Well, I say just tacked on, but it's sightly more complicated than that. sha256
appends the total length of the message on to the end of the message, a 1
bit after the message, and adds 0
bits in between the length and the 1
until the total message length perfectly fills the last block. The final message length is always a multiple of 512 bits. This means that if you originally hashed chicken
, sha256
transforms that message into:
chicken\x80\x00\x00\x00\x00\x00\x00\x00\x00\x00\x00\x00\x00\x00\x00\x00\x00\x00\x00\x00\x00\x00\x00\x00\x00\x00\x00\x00\x00\x00\x00\x00\x00\x00\x00\x00\x00\x00\x00\x00\x00\x00\x00\x00\x00\x00\x00\x00\x00\x00\x00\x07
(\x
is an escape sequence that takes the hexadecimal number after in and converts it into a raw byte.)
So our attacker sends this request to the server:
POST http://doorduino/unlock?nonce=42\x80\x00\x00\x00\x00\x00\x00\x00\x00\x00\x00\x00\x00\x00\x00\x01\x78&nonce=43 HTTP/1.1
Host: doorduino
Accept: */*
X-Auth-Hash: 60be0a782cc4664e20b4c14799627b2742e437529b17ba8051fa75e018ee6a68
Receiving the Fake Request
The Arduino receives this request, converts the string into a byte array, and hashes it3:
sha256_core("secret_passwordhttp://doorduino/unlock?nonce=42".as_bytes().to_owned() +
~[0x80 as u8, 0x0, 0x0, 0x0, 0x0, 0x0, 0x0, 0x0, 0x0, 0x0, 0x0, 0x0,
0x0, 0x0, 0x0, 0x1, 0x78] +
"&nonce=43".as_bytes().to_owned(),
(
0x6a09e667,
0xbb67ae85,
0x3c6ef372,
0xa54ff53a,
0x510e527f,
0x9b05688c,
0x1f83d9ab,
0x5be0cd19
),
73);
// 60be0a782cc4664e20b4c14799627b2742e437529b17ba8051fa75e018ee6a68
The hash is valid, and contains the password, even though the hacker did not know the password at any point. Although it depends on how the Arduino is set up to parse duplicate query strings, it will likely overwrite the first definition of nonce (42\x80\x00\x00\x00\x00\x00\x00\x00\x00\x00\x00\x00\x00\x00\x00\x01\x78
) with the latter, 43
. It will see that the nonce is larger than the original request, and unlock the door.
Protecting Against this Attack
HMAC is a way to prevent extension attacks. Instead of just hashing the content and password once, HMAC uses an algorithm that includes hashing the result of another hash, that is, nested hashing. This means that extending the outside hash is pointless, since the inside hash will still be unchanged and the server will detect the hash is invalid.
In the Wild
Although I made several assumptions along the way and my examples seems perhaps someone contrived, this attack is a real exploit that has been used against web services such as Flickr and Remember the Milk. It's a good thing to keep in mind when looking at anything that uses a hashing algorithm to sign something — SHA-256 isn't the only hashing algorithm vulnerable to this.

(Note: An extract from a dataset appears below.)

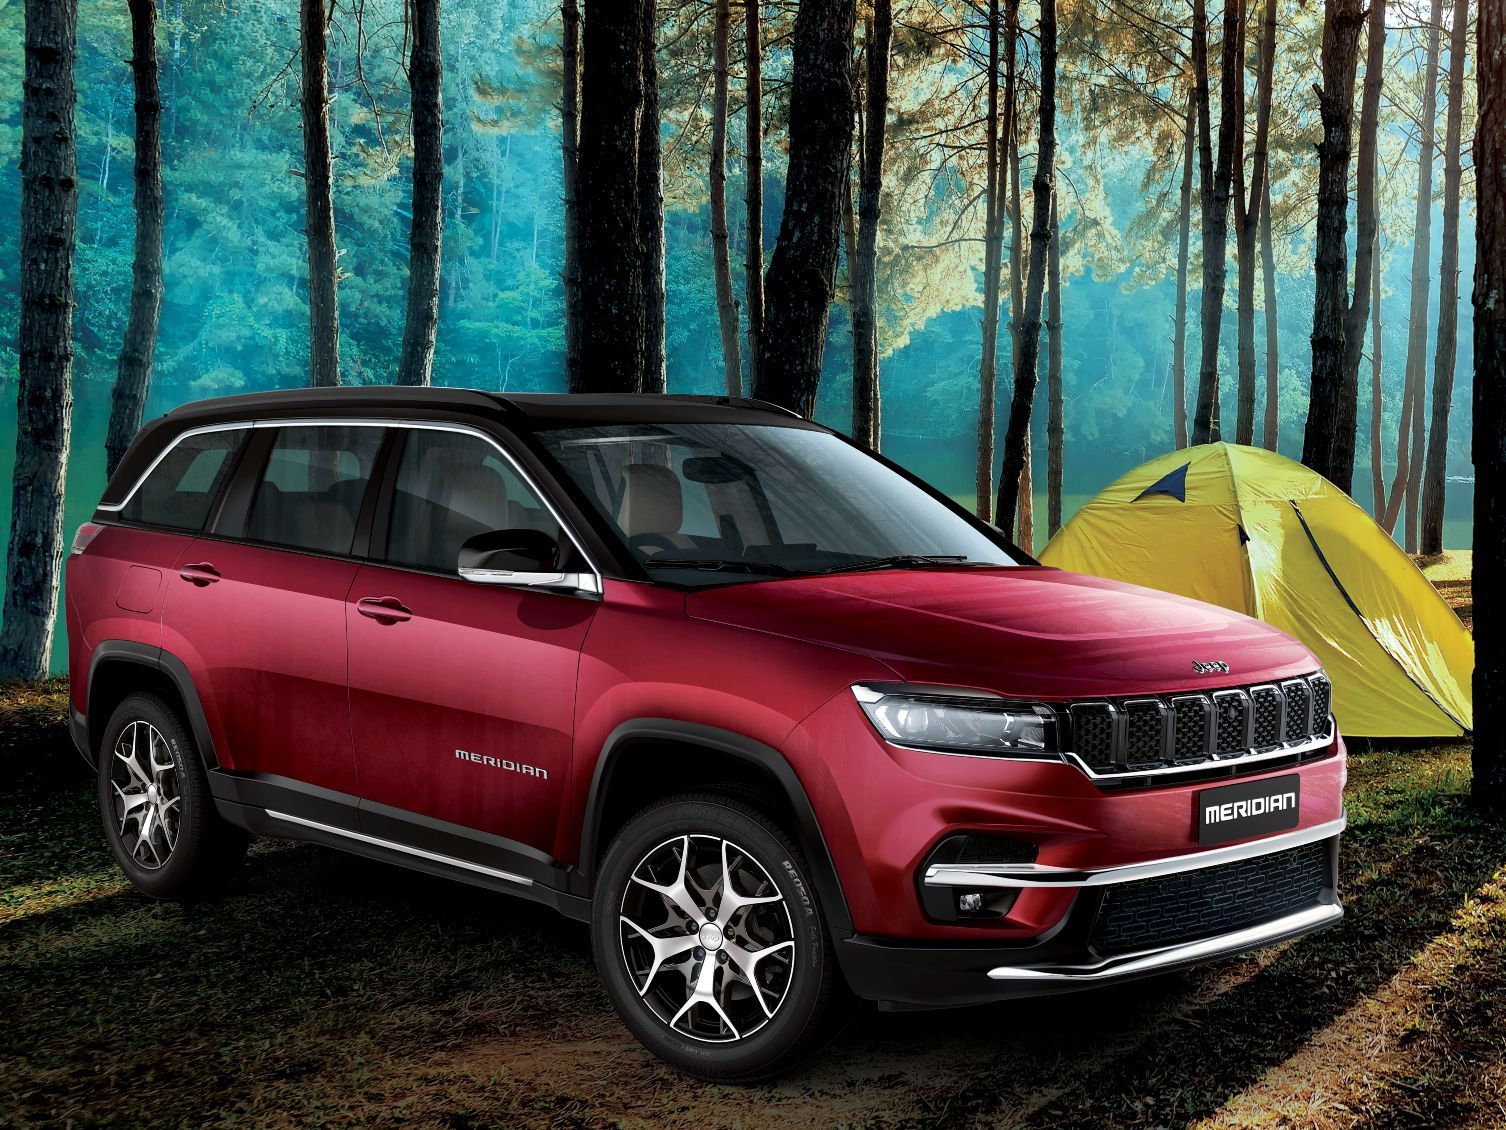 Jeep Meridian Breaks Cover Ahead Of Mid-2022 Launch, To Rival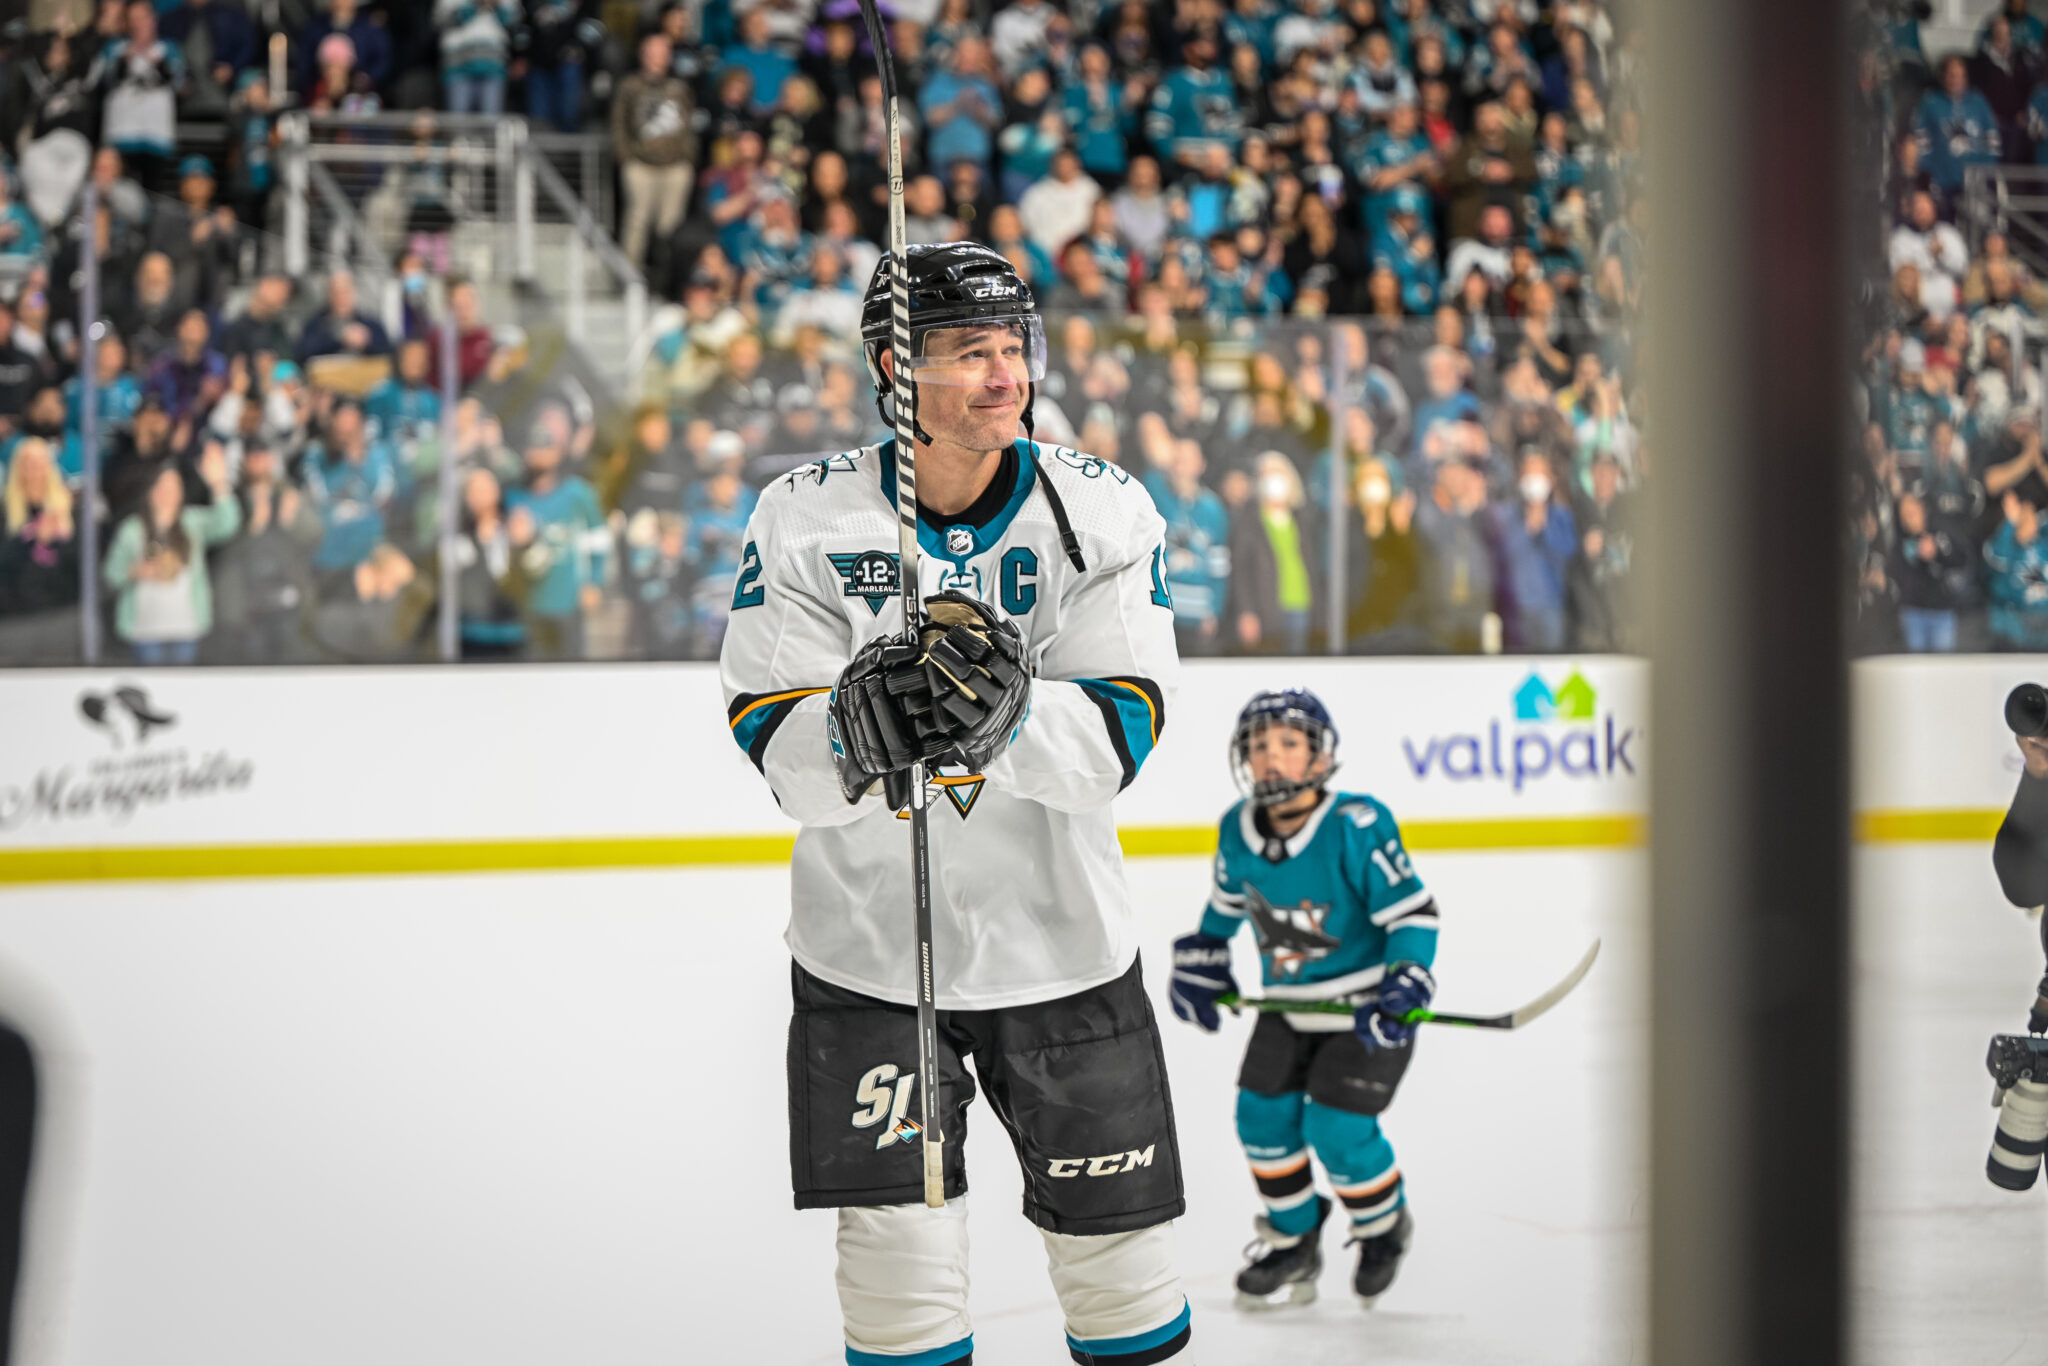 San Jose Sharks - A game between the Sharks Alumni and the

In practice, the protocol would probably not specify a password length, and an attacker wouldn't know the length of the password, but having to guess is fairly simple — assuming the password is less than ~200 characters, the attacker would have to try at most 200 hashes to find the right one.
2: That is, if the password weren't as simple as secret_password
.
3: This example is in Rust with our library, although in reality Arduino programs are written in that weird C variant thing. Additionally, all that weird syntax is because Rust doesn't allow for invalid UTF-8 strings, so some parts have to be raw byte arrays.